1 box currants (about 1 1/2 to 2 cups)
1 1/2 cup buttermilk
1 egg

Add the currants to the flour mixture, and stir to break up any clumps.  Blend the buttermilk and egg well. Add the buttermilk mixture to the flour mixture and blend oh so gently until everything is moist. Do not overmix this!

Turn out the dough onto a floured tray, and knead gently adding flour as needed for 30-60 seconds. (Or you can just flour your hand and gently knead the bread right in the bowl.) Form an oval on a baking pan and flatten it to no more than about 2″ thick. Slather the loaf with buttermilk and cut a couple of shallow horizontal slashes with a sharp knife.

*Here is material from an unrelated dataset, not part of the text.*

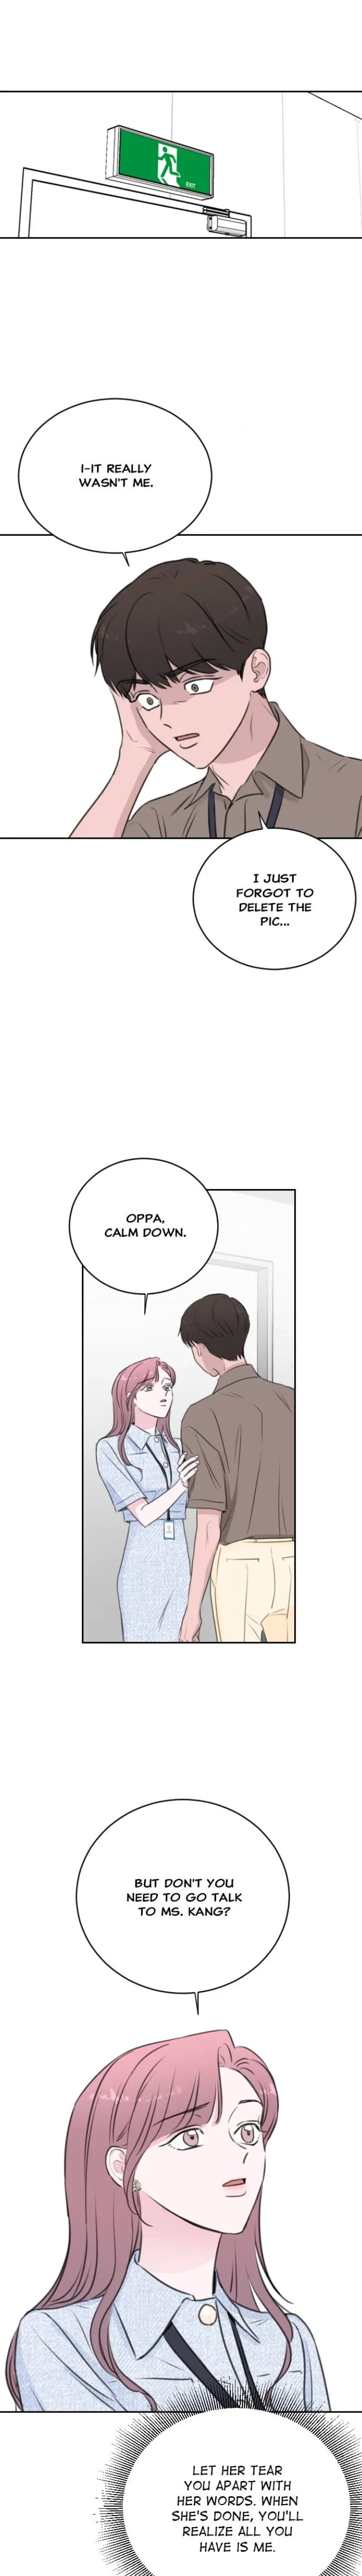 Office Marriage, After a Breakup chapter 21

Bake at 350 for 40-45 minutes. Remove from the oven and cover with a clean, dry towel. Serve with lots of fresh butter.

Note: if you want, you can make two loaves – just bake them for 30 minutes.

Orange Couscous Salad

Great for picnics, potlucks and block parties – this salad is delicious at room temperature, and it makes a lot.  I used to make this often for the 58th Street Block Party – which has been an annual event since the early 1940s!

Making this for the Fourth of July with one variation:  I’m sauteeing the onions in a little olive oil because neither Kumy or Maya like the flavor of raw onions.  It’s still a good flavor in the salad and then nobody has to pick bits out

2 cups boiling water
3/4 tsp turmeric
1/4 tsp black pepper
1 1/2 cup couscous

Blend together in a large bowl, cover and let sit for 5 minutes.

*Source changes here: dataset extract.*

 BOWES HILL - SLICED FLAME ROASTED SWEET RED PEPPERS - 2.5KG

1 can 16 oz. chickpeas, washed and drained
1-2 cups mandarin oranges

drained
1/2 cup diced red onions
1/2 cup golden raisins

Add to the couscous.

1/4 cup lemon juice
2 Tbsp olive oil
1 Tbs orange zest (grated orange peel – just the orange part)
1/8 cup orange juice (I add the juice of one whole orange)
1 Tbsp minced fresh chives
1 tsp salt

Blend in a little bowl and pour over the couscous mixture. Blend gently and refrigerate for an hour. Can be served cold or at room temperature and tastes even better the next day.

Bread Pudding

I made this for Kumy’s 45th Birthday, but the ones who really loved it were my son Ali and me!

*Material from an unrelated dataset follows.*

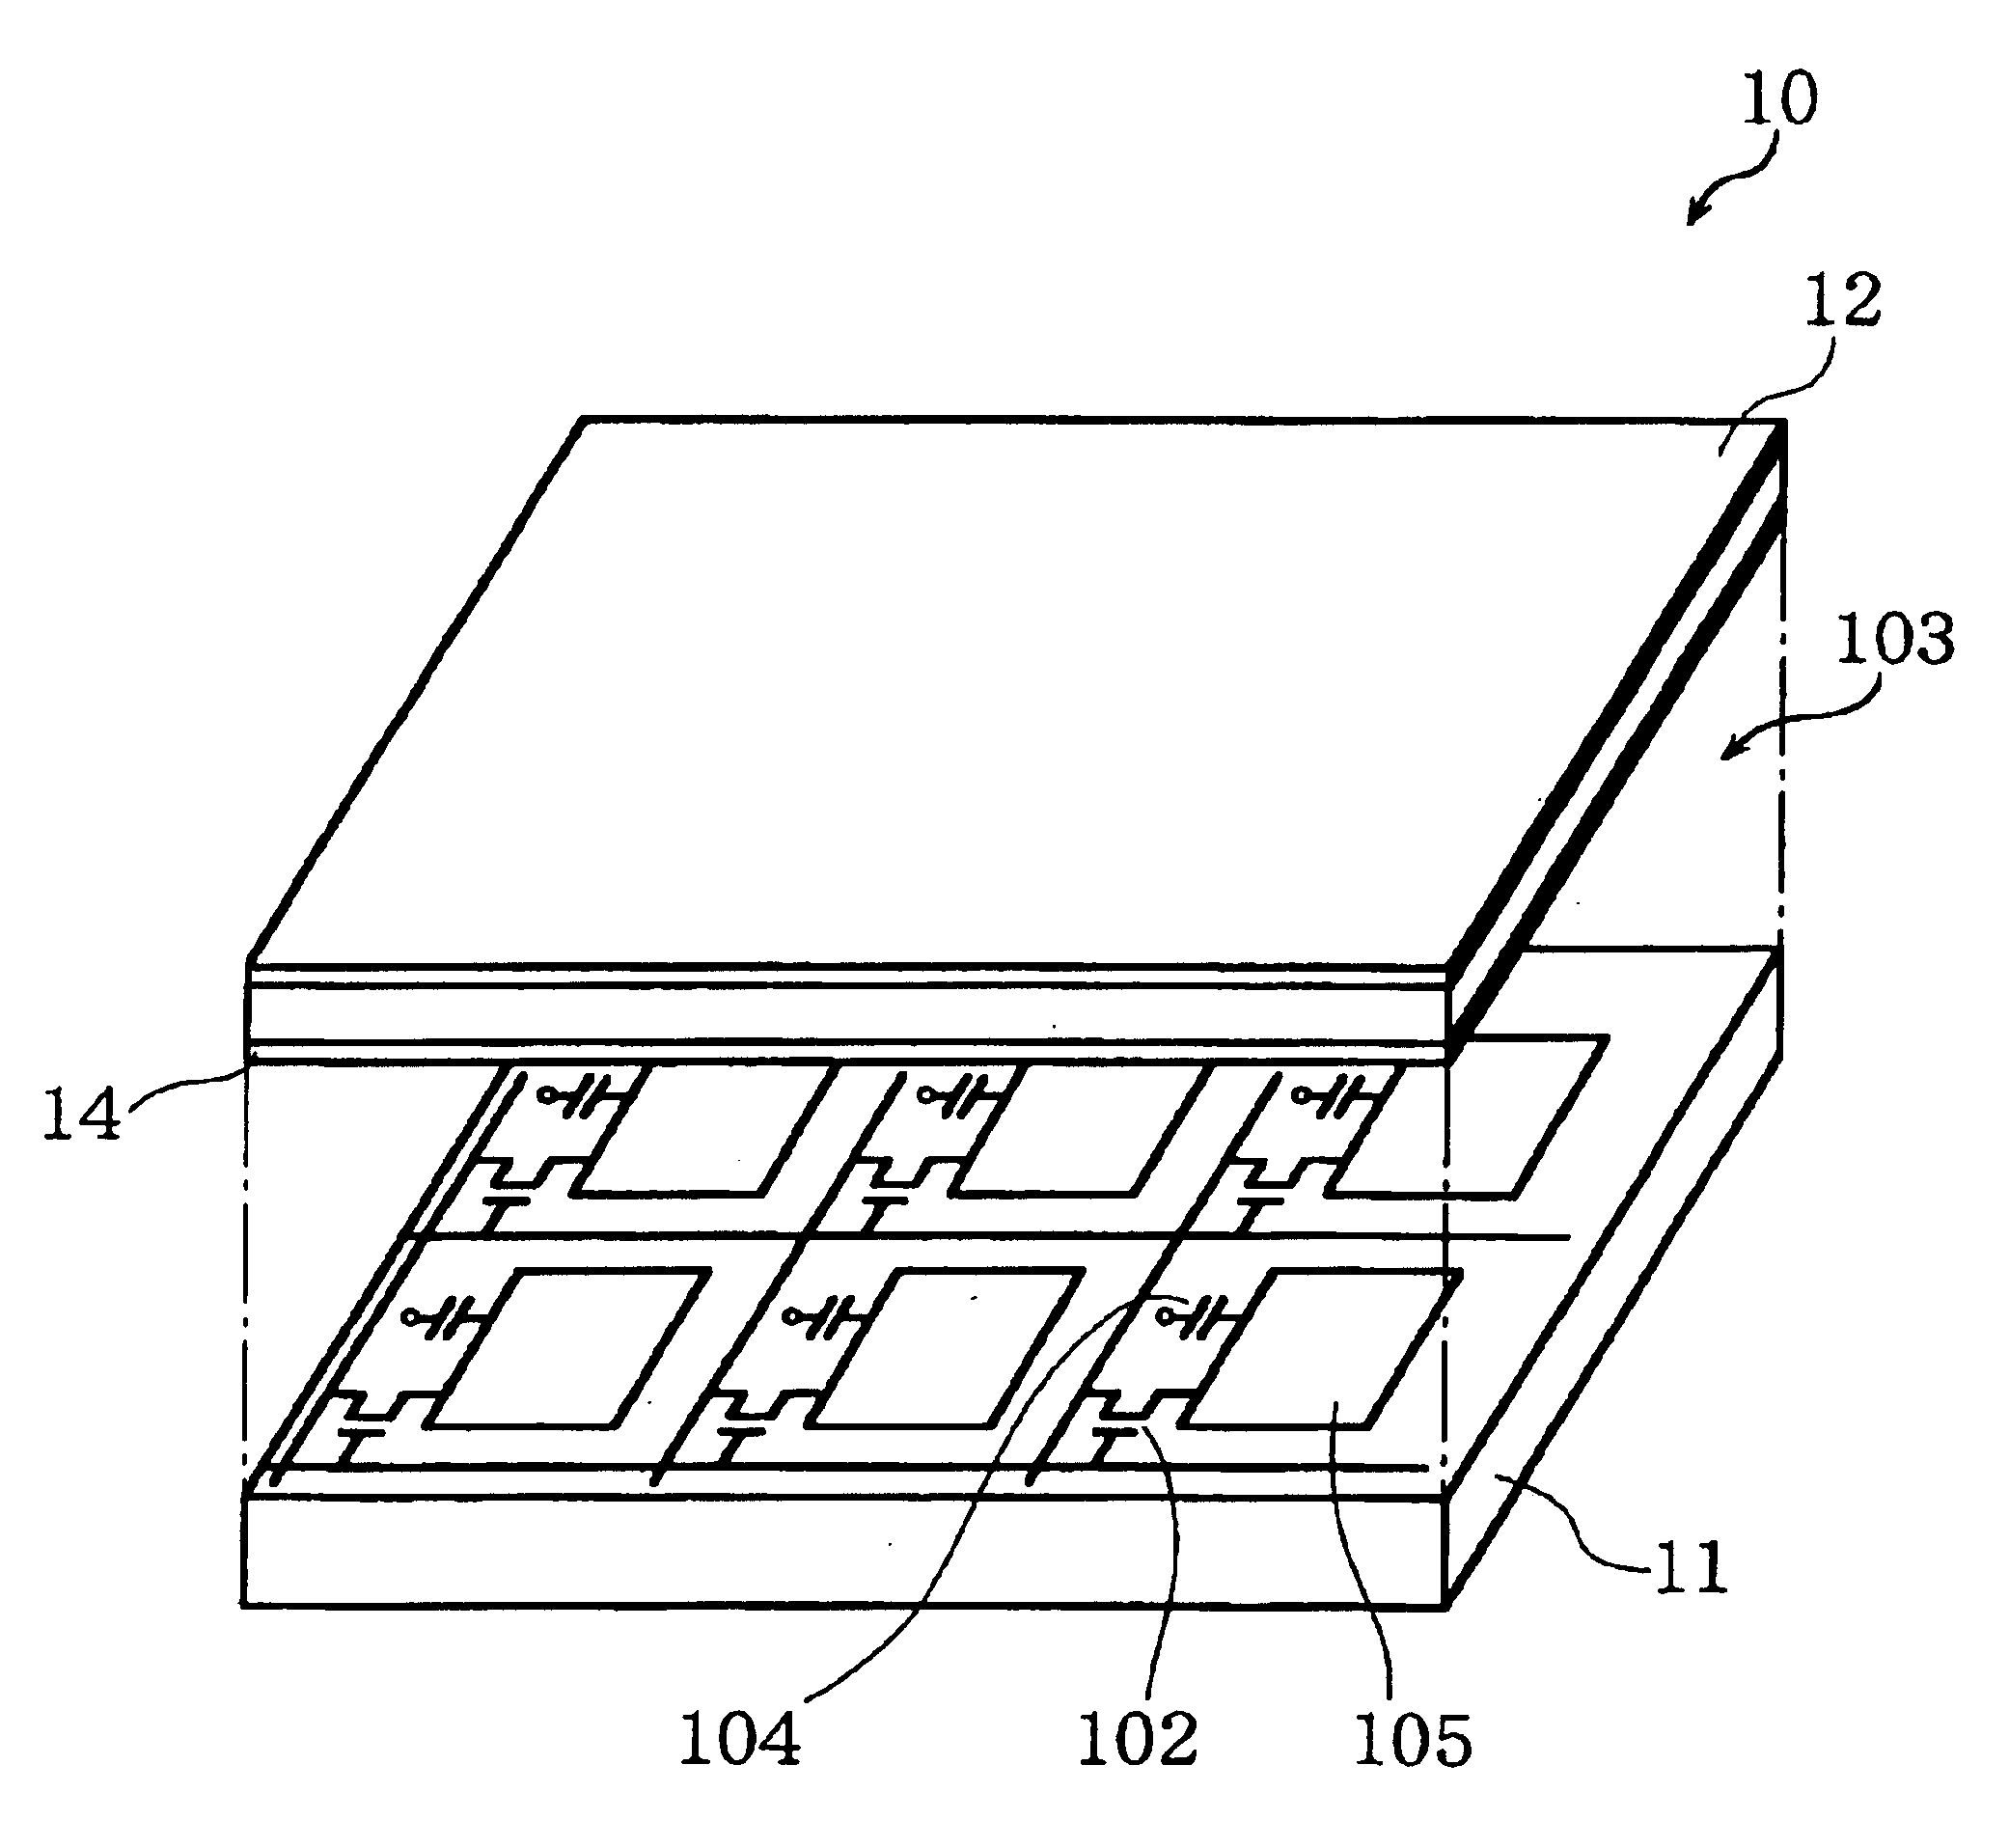 Active matrix display device and method of driving the same

3 cups french bread, cut in chunks
3 cups milk
3 eggs
3/4 cup sugar
1/8 cup butter
1/2 tsp cinnamon
1 tsp vanilla
dusting of fresh nutmeg

Put bread cubes in a casserole dish. Heat milk and butter just until bubbles come up the side of the pan. Mix eggs and the rest in a bowl and add warm milk. Stir and pour over bread. Use a fork to press the bread cubes into the custard mixture. Put the casserole in a larger pan with about an inch of water. Bake at 350 for 45 minutes, or until a bread knife comes out clean.

You can add a cup of blueberries, or other fresh fruit diced up, or a cup of raisins or currants. You can even add a cup of chocolate chips. It’s delicious warm or cold.

Update: to make this dessert for a large group, simply double the recipe and bake it in a 1/2 catering tray. Serve with Warm Bourbon Sauce, or Peach Sauce.

Up-Update:  Cranberry Walnut Version.  Using part of a stale loaf of Cranberry Walnut bread from a great french bakery in town that we love, I thought, why not make a Cranberry Walnut Bread Pudding.?

Used the same recipe as above, but added a handful of Craisins and a handful of chopped walnuts.  It was lovely – tangy and sweet with the added crunch of the walnuts now and then.